On 05.01.2022 12:40, Junio C Hamano wrote:
Fabian Stelzer <fs@xxxxxxxxxxxx> writes:
How about something like this:
int string_find_line(char **line, size_t *len) {
const char *eol = NULL;
if (*len > 0) {
*line = *line + *len;
if (**line && **line == '\r')
(*line)++;
if (**line && **line == '\n')
(*line)++;
}
if (!**line)
return 0;
eol = strchrnul(*line, '\n');
/* Trim trailing CR from length */
if (eol > *line && eol[-1] == '\r')
eol--;
*len = eol - *line;
return 1;
}
It is a confusing piece of "we handle one line at a time" helper.
It is not obvious what the loop invariants are.
It would be most natural to readers if *line points at the very
beginning of the buffer, i.e. the beginning of the first line,
and *len points at the very first character of that line, i.e. 0.

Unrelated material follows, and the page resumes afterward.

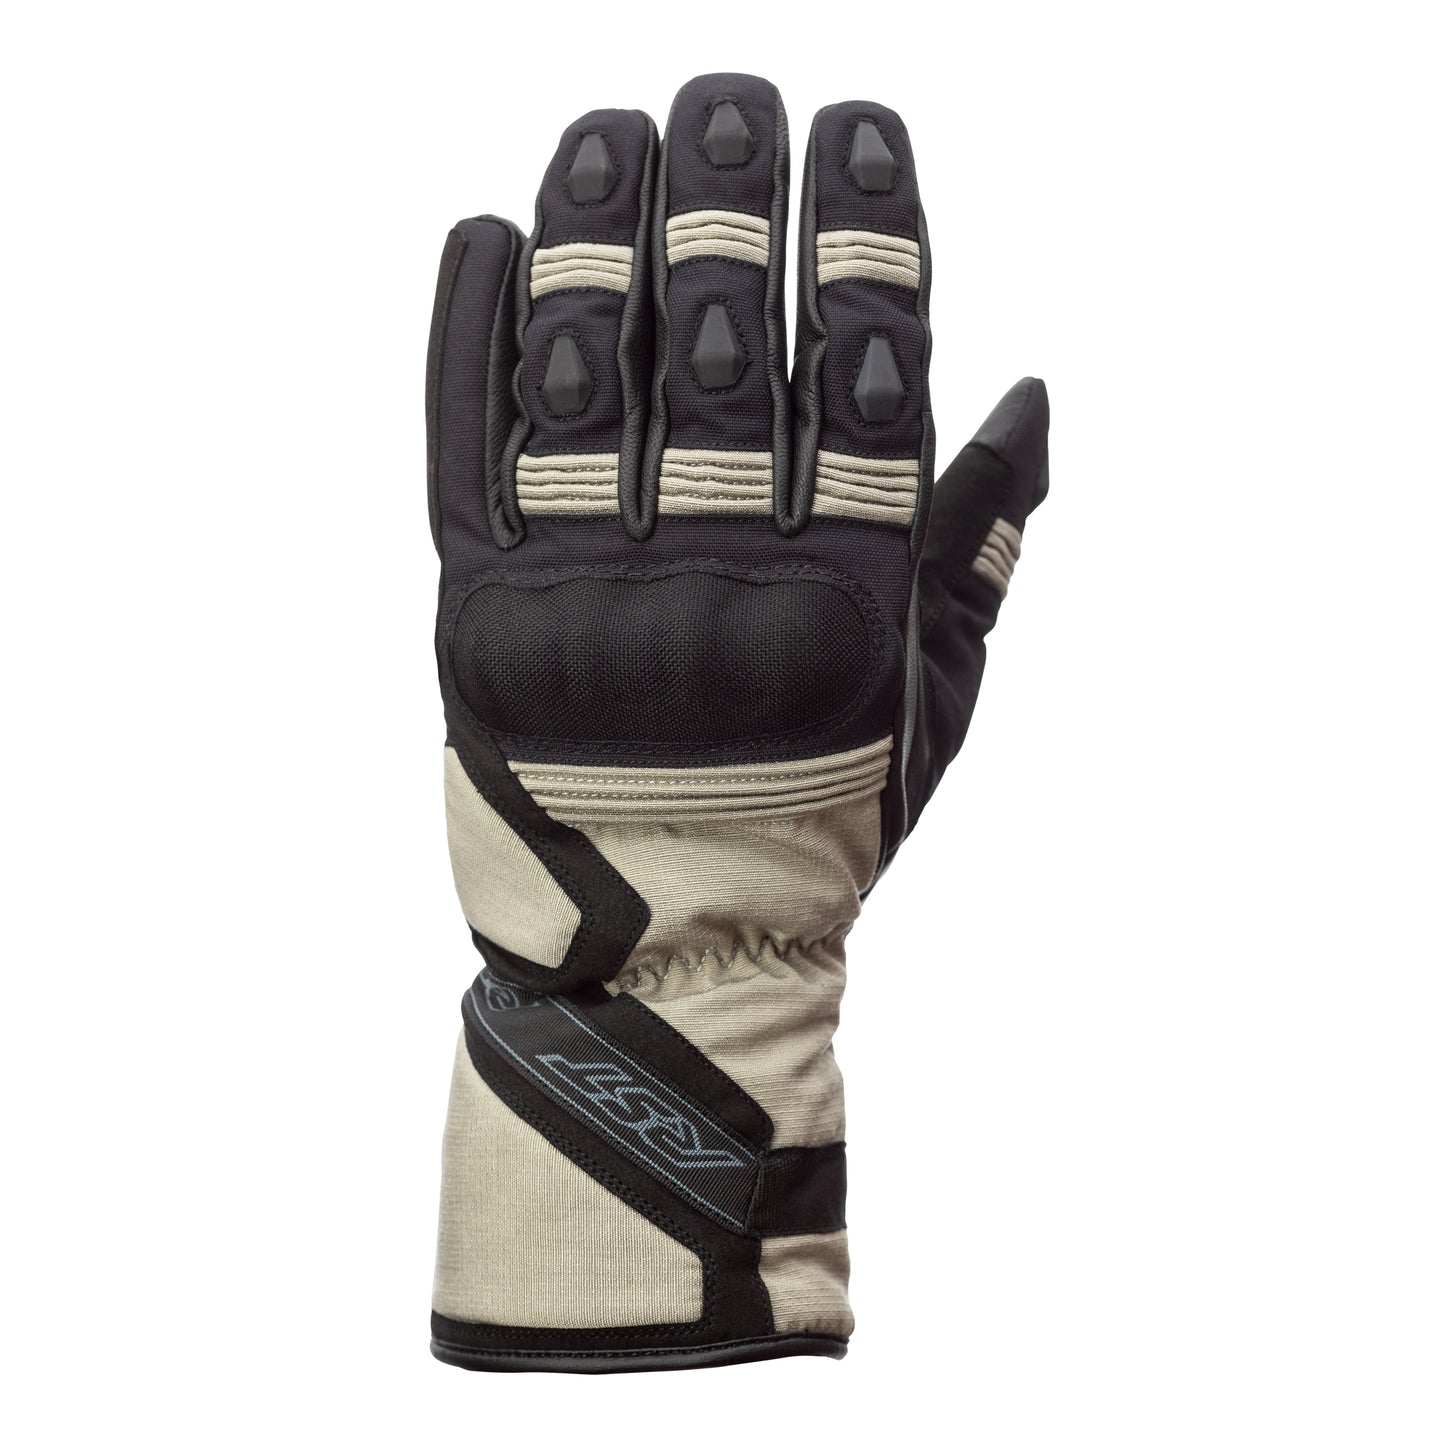 RST X-Raid Waterproof Gloves - CE APPROVED - Magnesium/Black
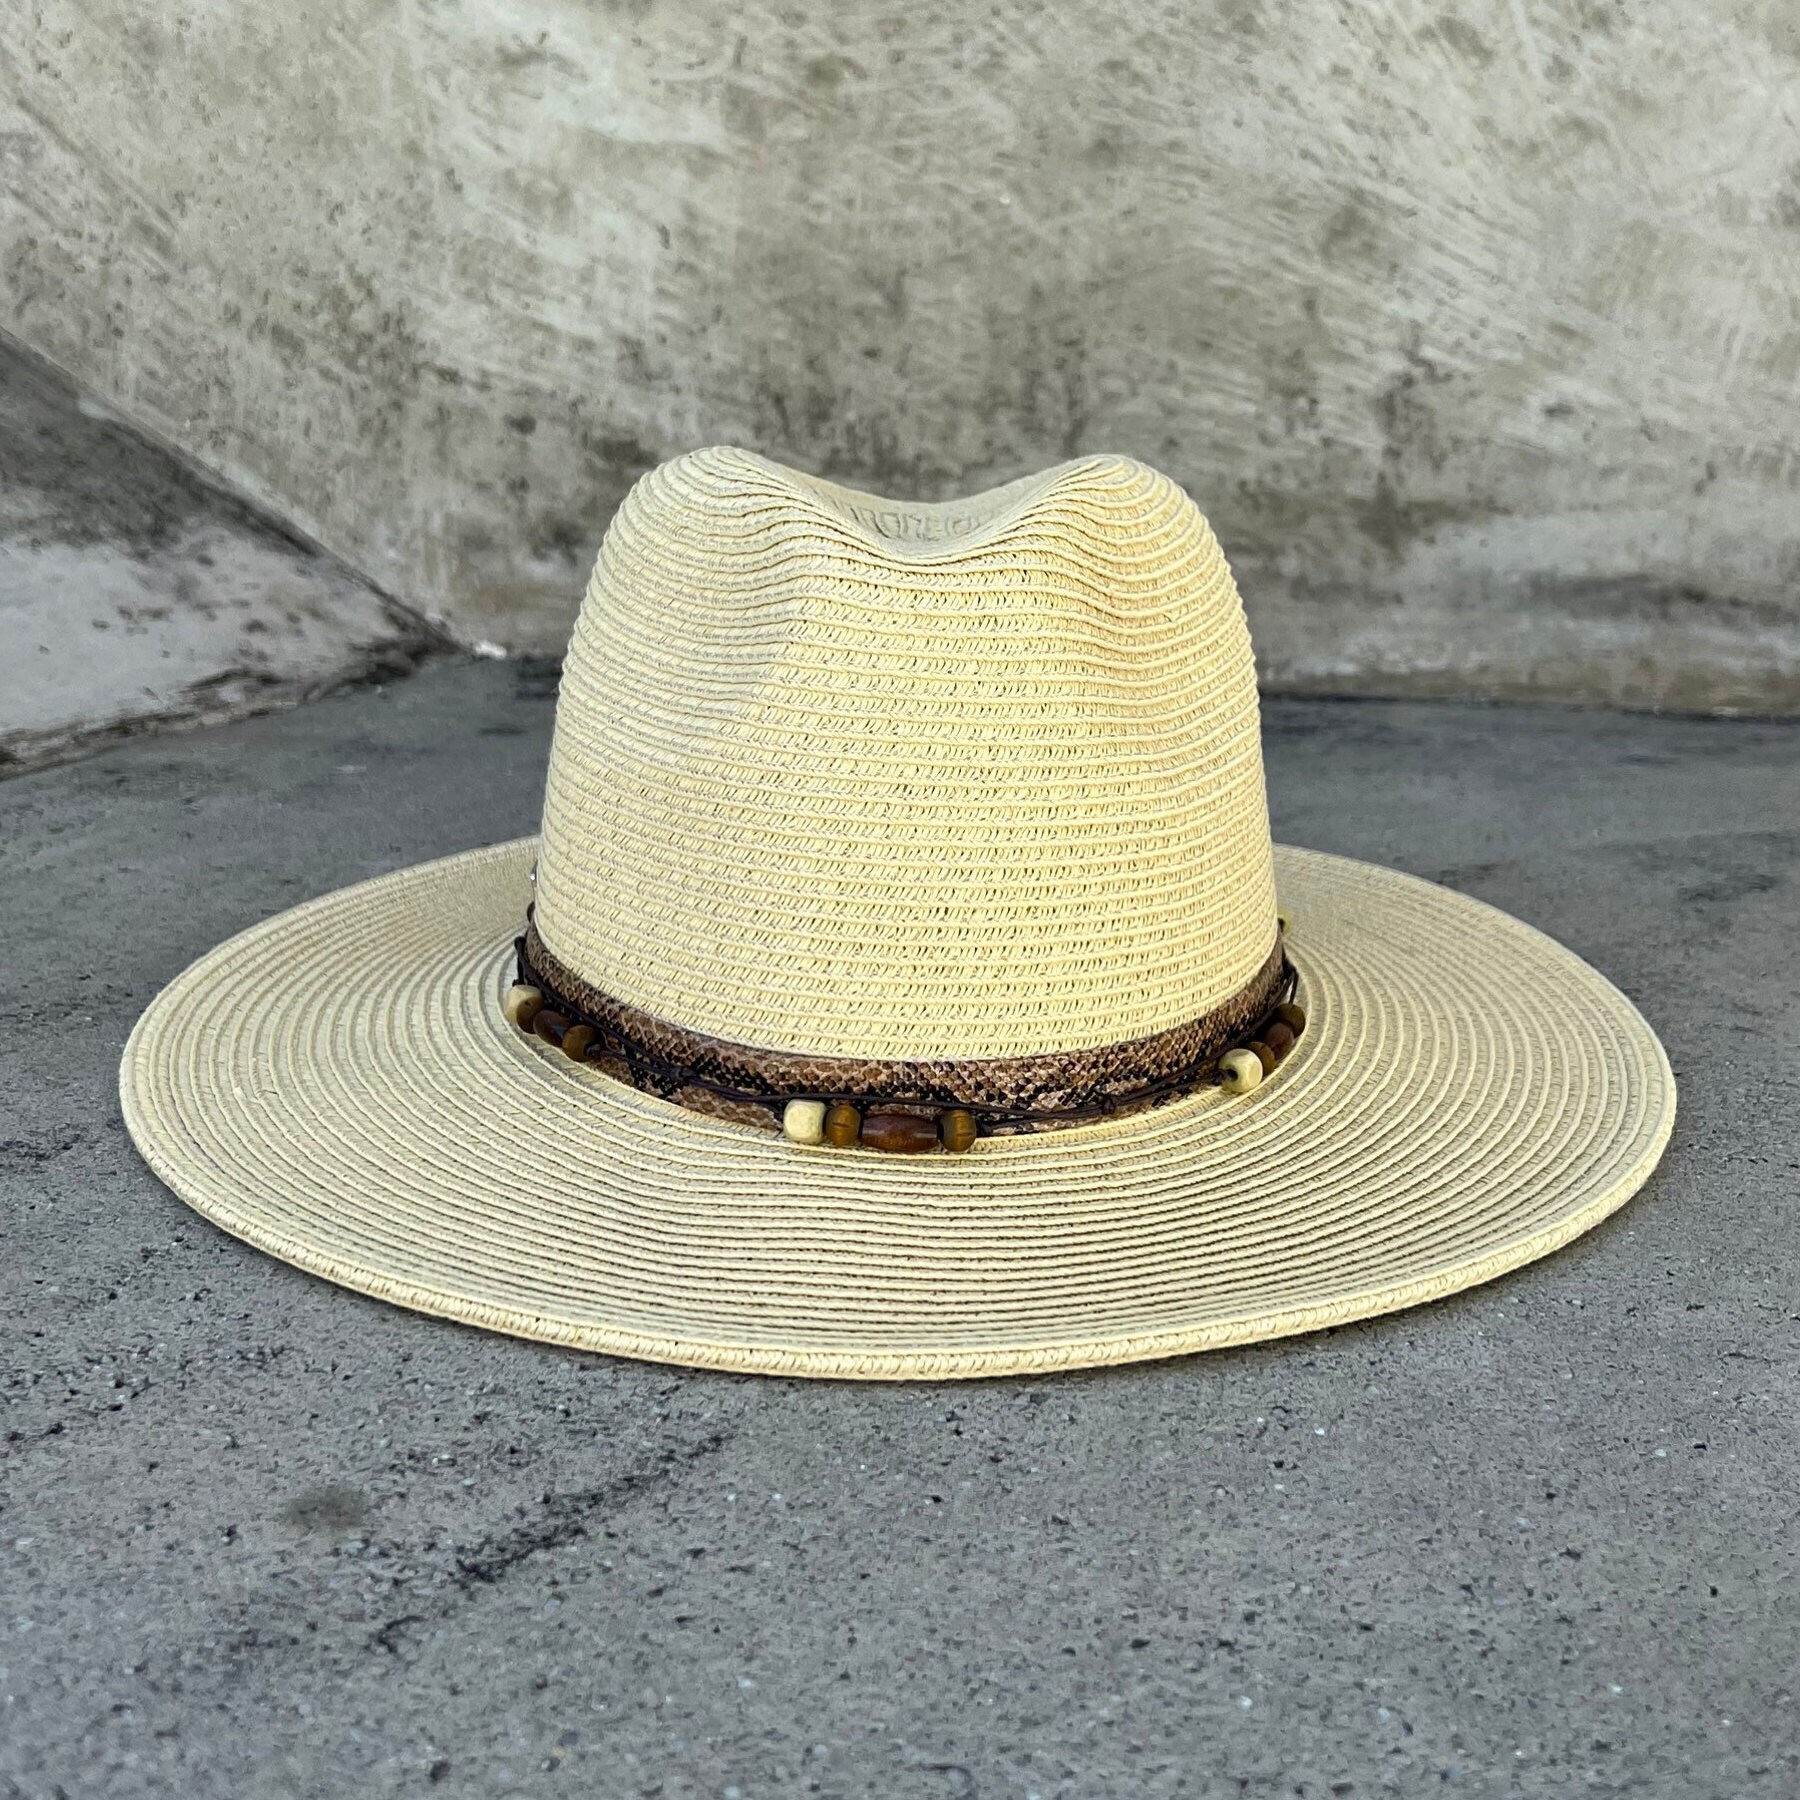 Wide Brim Hat, Sun Hat, Summer Hat, Snakeskin Print and Beads Band, Beach  Hat, Foldable, Packable Hat, Fashion Hat, Women Hat, Hat for Men

But then the first thing this function worries about is a case where
*len is not 0. I obviously am biased, but sorry, I find what I gave
you 100 times simpler to understand.
There are a few more places where the same thing happens and text is just
split by LF, ignoring CR. The gpg parsing where this code originated being
the most prominent example. However those just parse some parts from the
output and the worst that seems to happen is a trailing CR in some log
outputs.
If we are ok with this then your version is indeed the better one. If we
want to correct the parsing at the other sites then I think a more
generalized function would be better. Since the gpg stuff is in place for a
long time and no one complained we can probably leave it as is. I'll prepare
a new patch.
Thanks